February 20, 1980, a two-and-a-half month civil suit ended when a jury decided that family members did not prove that “old-style” aluminum wire caused the Beverly Hills fire in Covington, a disappointing verdict for many.

February 20, 1982, Rev. Dale Peterson, Pastor of Paducah’s Broadway Baptist Church, led 500 protestors worried about an off-track betting facility planned for his city.  

February 20, 1990, Logan County teenager Courtney Wright, 17, named the 1990 Miss National Teenager, visited President G.H.W. Bush in the White House.

February 20, 1998, Harvey C. Russell Jr., a retired Pepsico executive who was the 1st black man to become a vice president at a major American corporation, died in the Bronx.  A Louisville native, his father was a college professor, and his mother taught in a Kentucky high school.

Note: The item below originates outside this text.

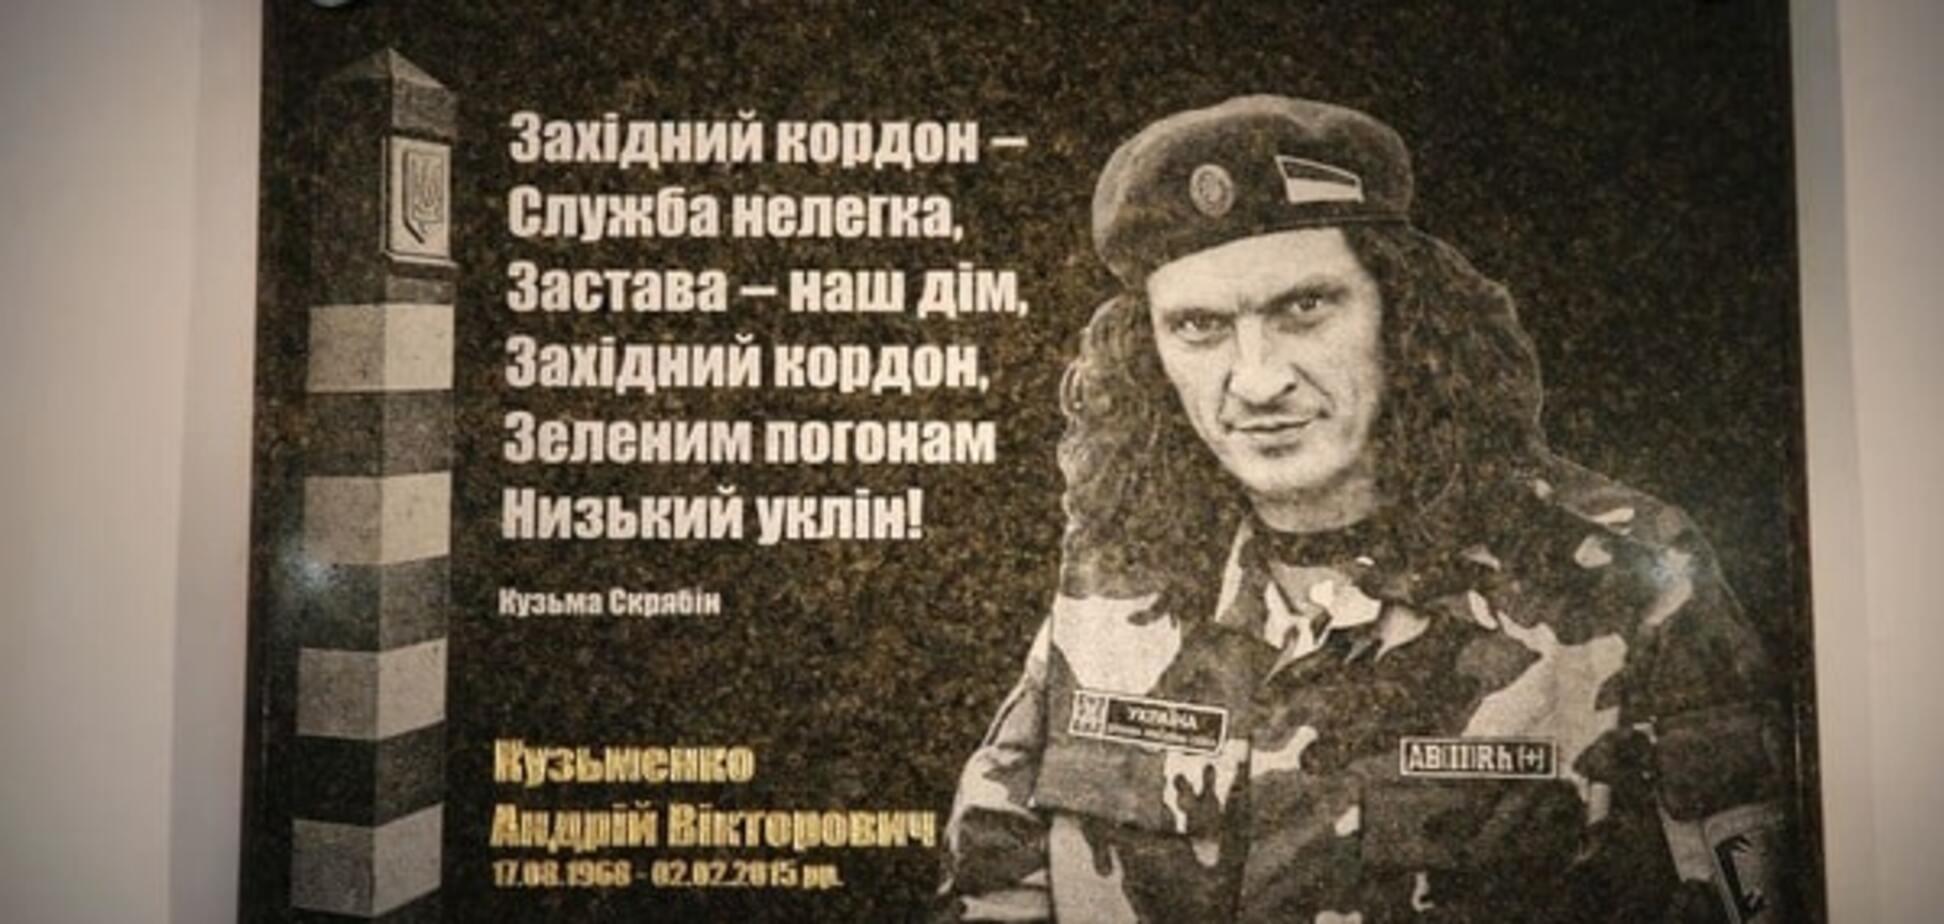 Во Львове открыли мемориальную доску Кузьме Скрябину: опубликованы фото и видео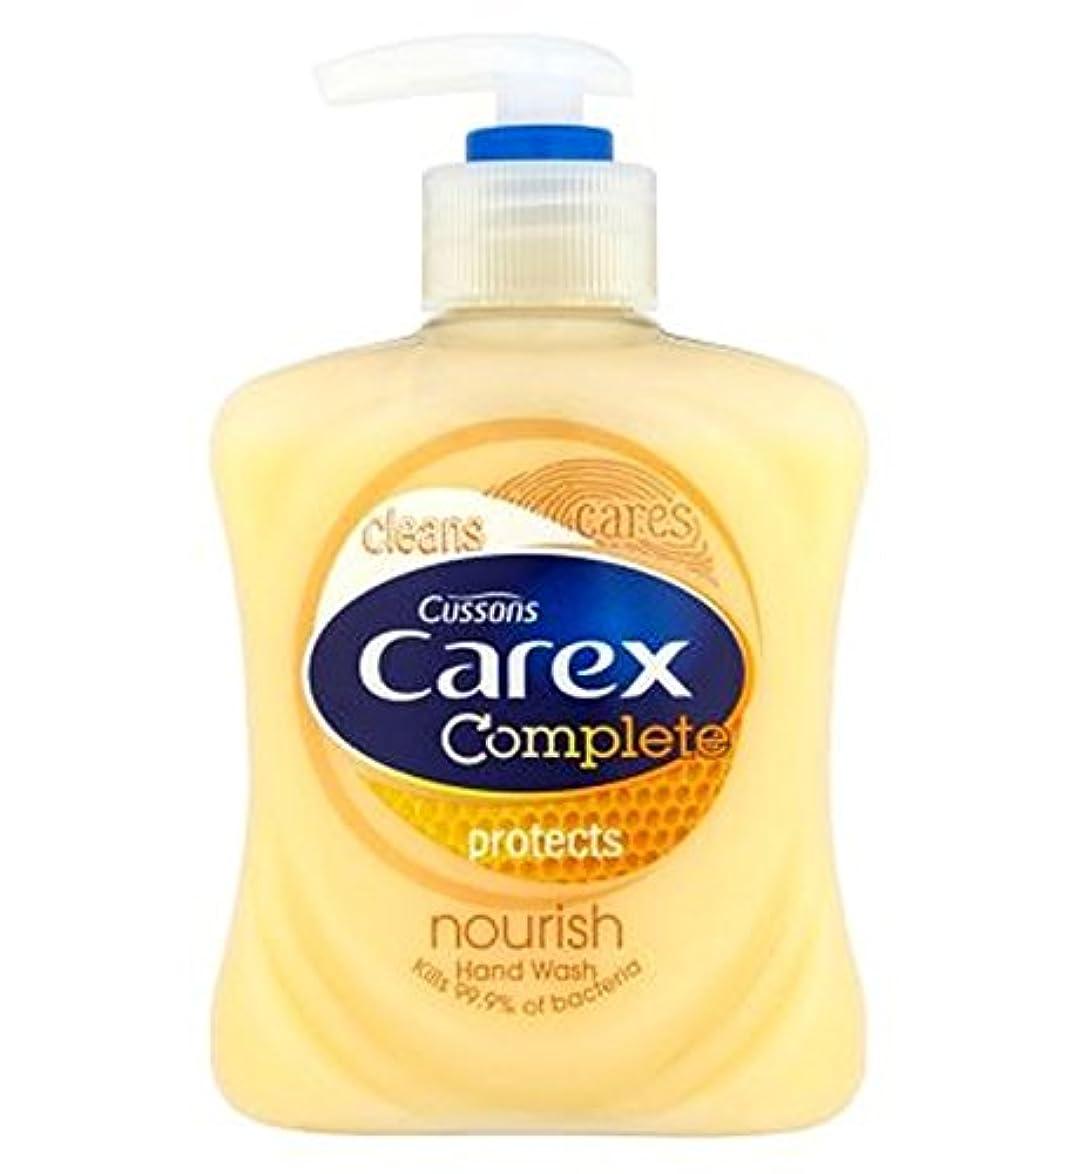 仮装車突き出すCarex Complete Nourishing Hand Wash 250ml - スゲ属完全な栄養ハンドウォッシュ250ミリリットル (Carex) [並行輸入品]

February 20, 2000, the Jefferson Davis Memorial underwent a $3 million renovation in Fairview.  

February 20, 2002, while Frankfort gave the electorate a zero-call list to stop telemarketers’ harassing phone calls, the legislators balked on video-gaming at Kentucky racetracks.  Meanwhile, The Decider, President George W. Bush sat down with President Jiang Zemin of China in Seoul.

February 20, 2010, reports showed that despite a struggling economy, the nation’s five largest health insurance companies increased their profits by 56% last year to $12.2 billion, even as they lost two million members.

February 20, 2015, Madison County recorded minus 35 degrees, the coldest day for a Kentucky February.  The city of Princeton in Caldwell County also recorded it in 1951.  The temperature came close to the state record at minus 37 in Shelbyville in January 1994.

February 20, 2017, a Keeneland graduate superfecta won Oaklawn Park’s GIII $500,000 Southwest Stakes for three-year-olds.

February 20, 2018, the NCAA vacated Louisville’s entire 2013 tournament run, including its national title, due to multiple recruiting violations.

February 20, 2020, after a decade of failed attempts, the state House finally passed a bill to legalize medical marijuana.  The Senate killed it.  In addition, another bill cut the corporate middleman out of Kentucky’s $1.7 billion-a-year Medicaid prescription drug business.  This passed the Kentucky Senate.  Sen. Max Wise (Campbellsville) wanted to end the leeching of Pharmacy Benefit Managers (PBMs).

On February 20, 2022, many Frankfort lawmakers clarified they wanted to legalize Mary Jane.  Other Frankfort lawmakers wanted to legalize some forms but not others, possibly creating a compromise with those who didn’t want it all.